◆ **Given data**

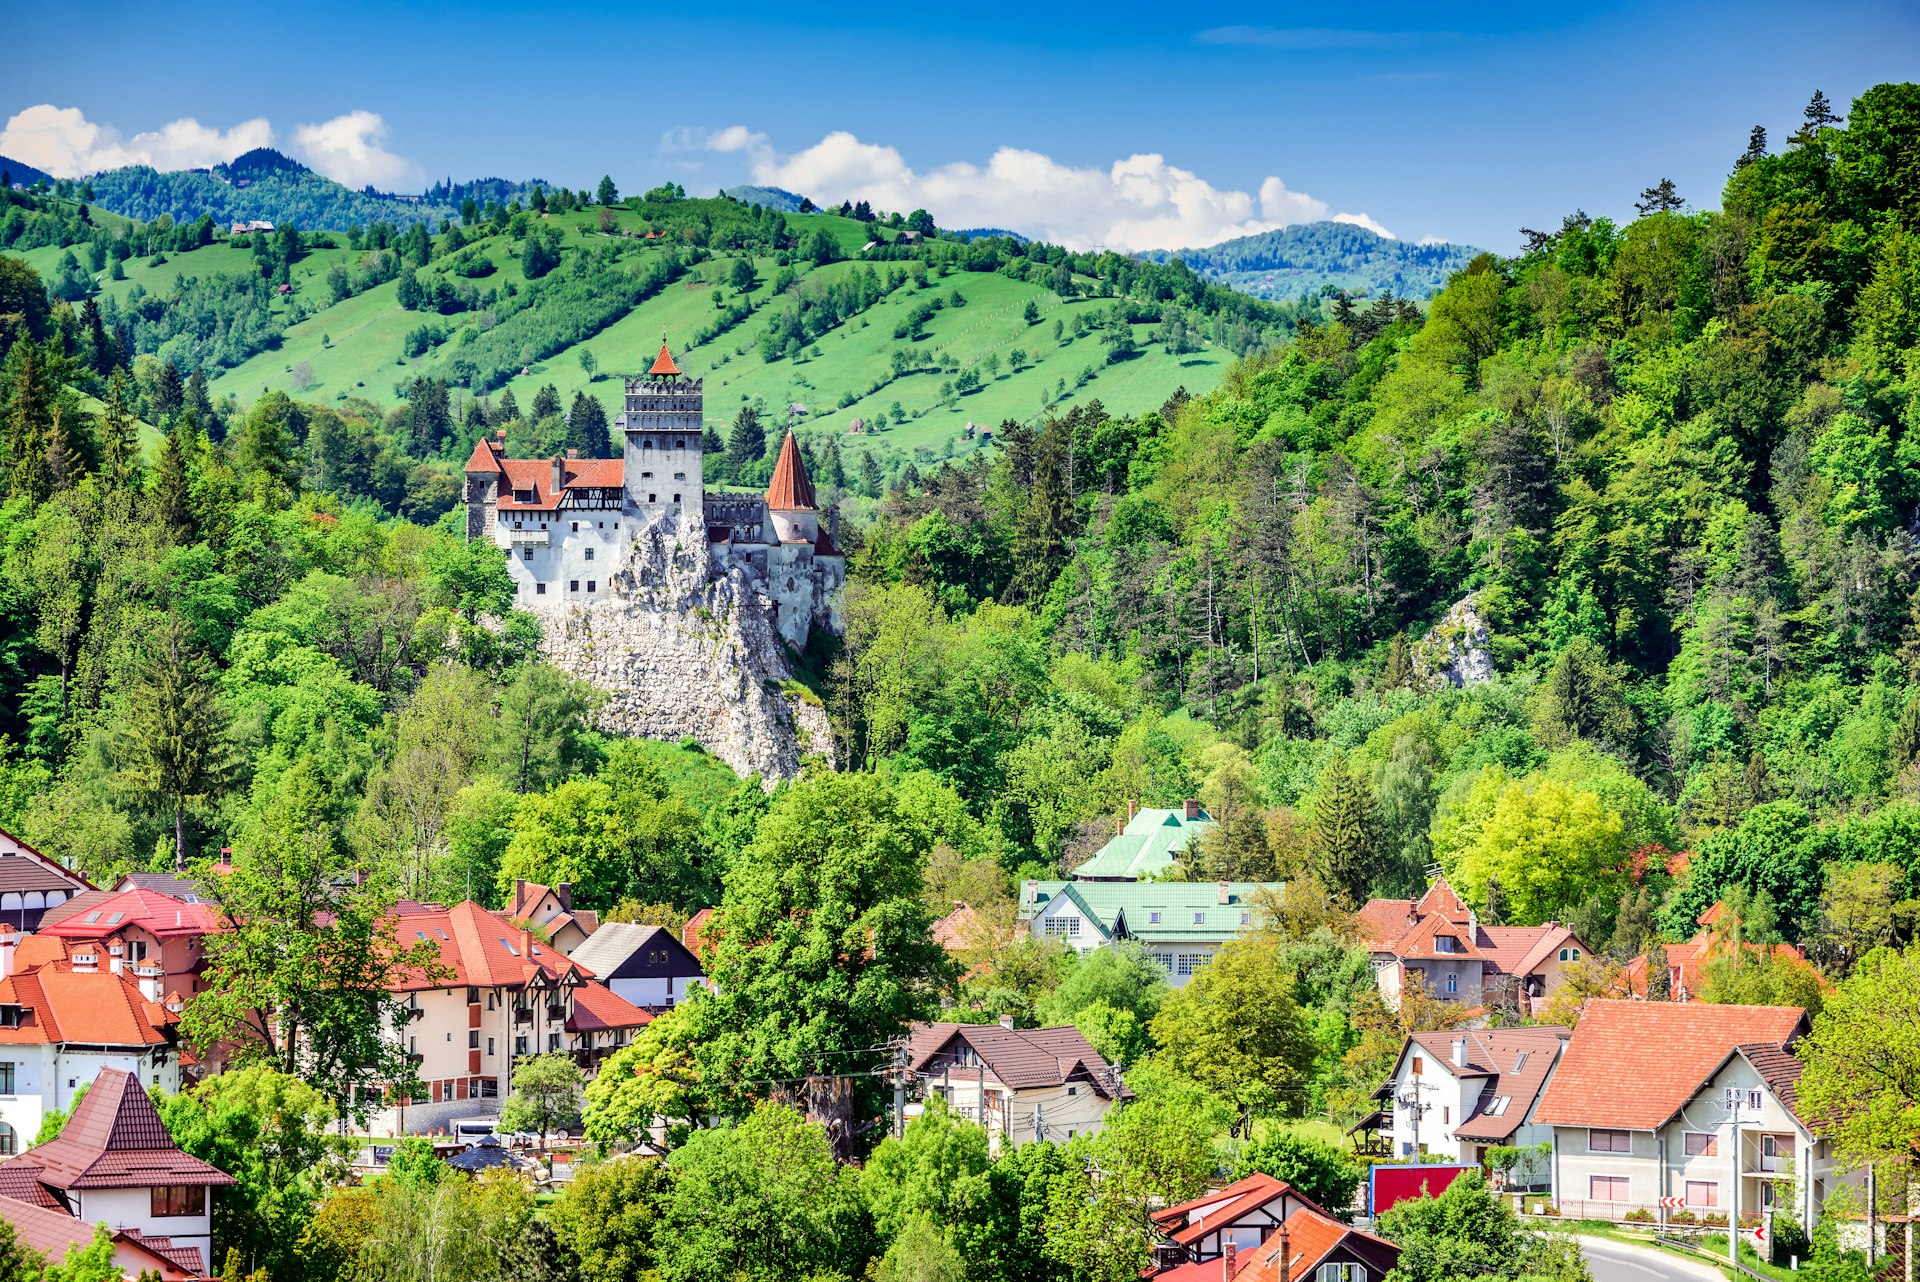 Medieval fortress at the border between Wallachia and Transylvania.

---

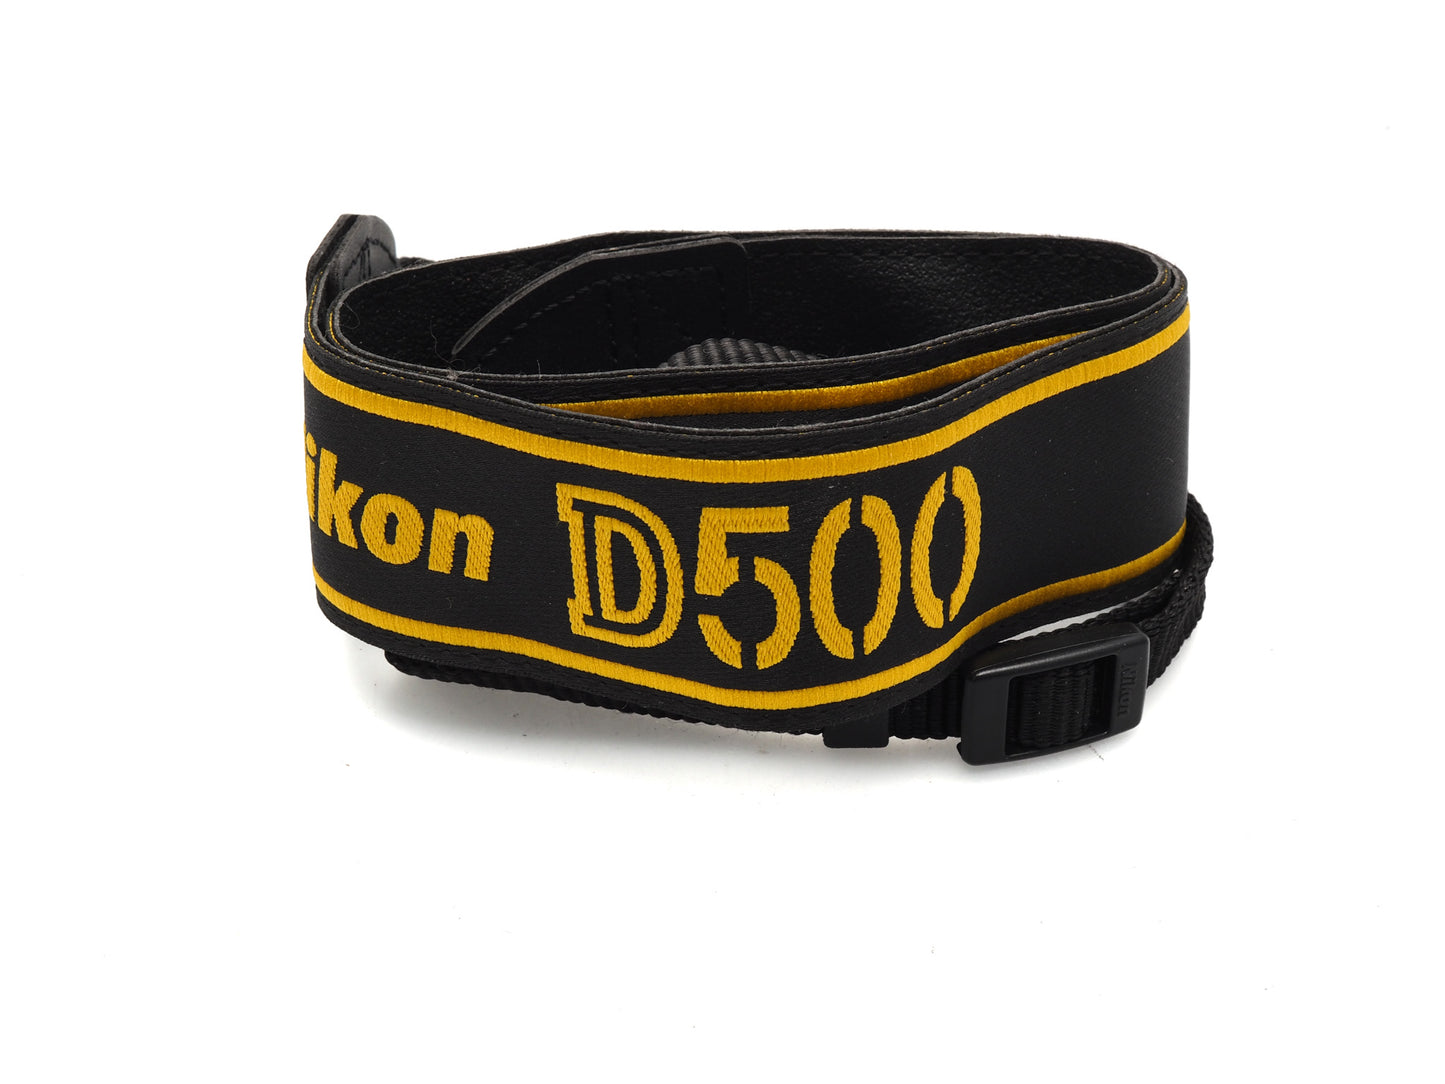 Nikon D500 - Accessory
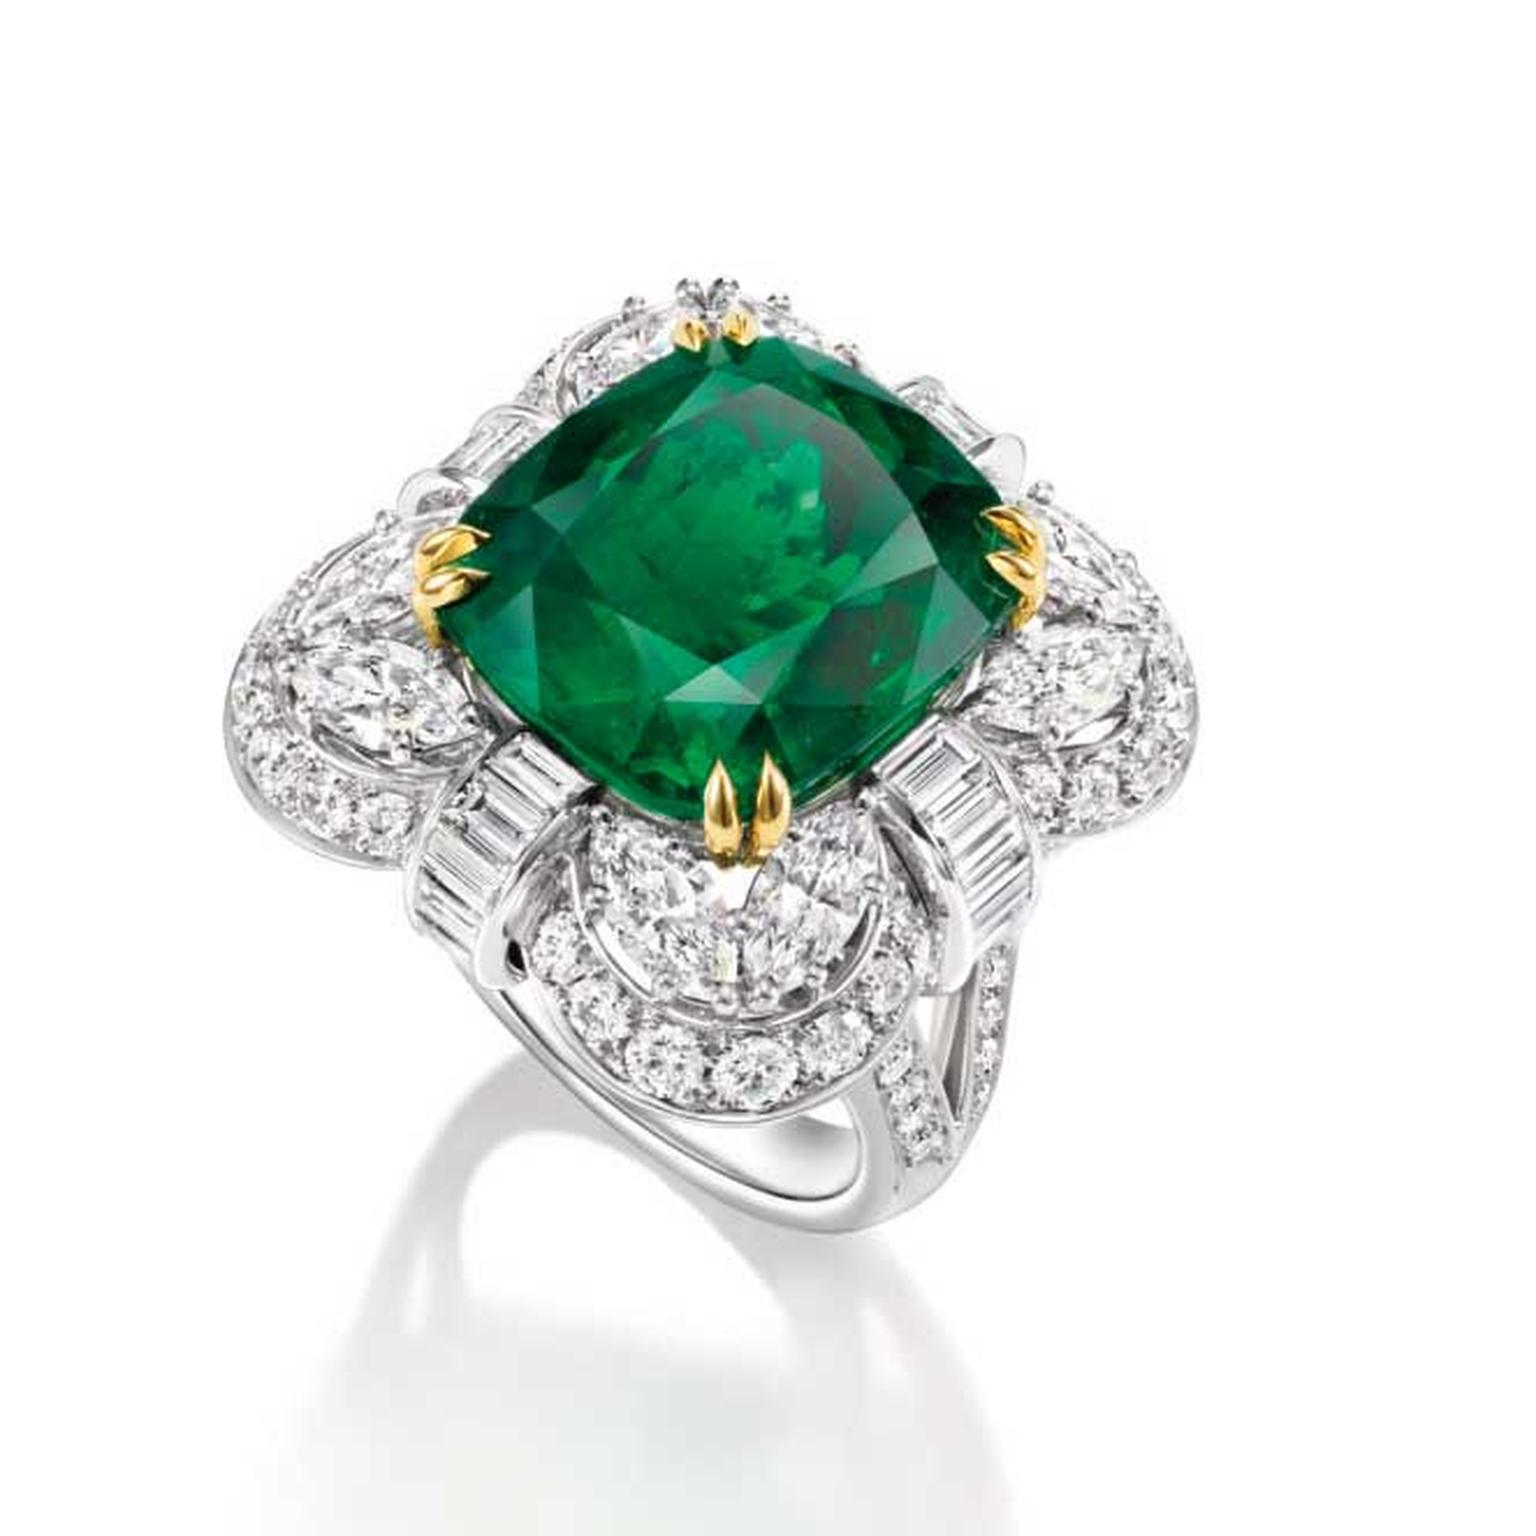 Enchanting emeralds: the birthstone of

◆ **About this exercise**
In the data above, start at the line holding "Nikon D500 - Accessory" and stop after the line holding "Enchanting emeralds: the birthstone of"; write out those lines exactly, without pictures.

◆ **Task answer**
 Nikon D500 - Accessory
 Enchanting emeralds: the birthstone of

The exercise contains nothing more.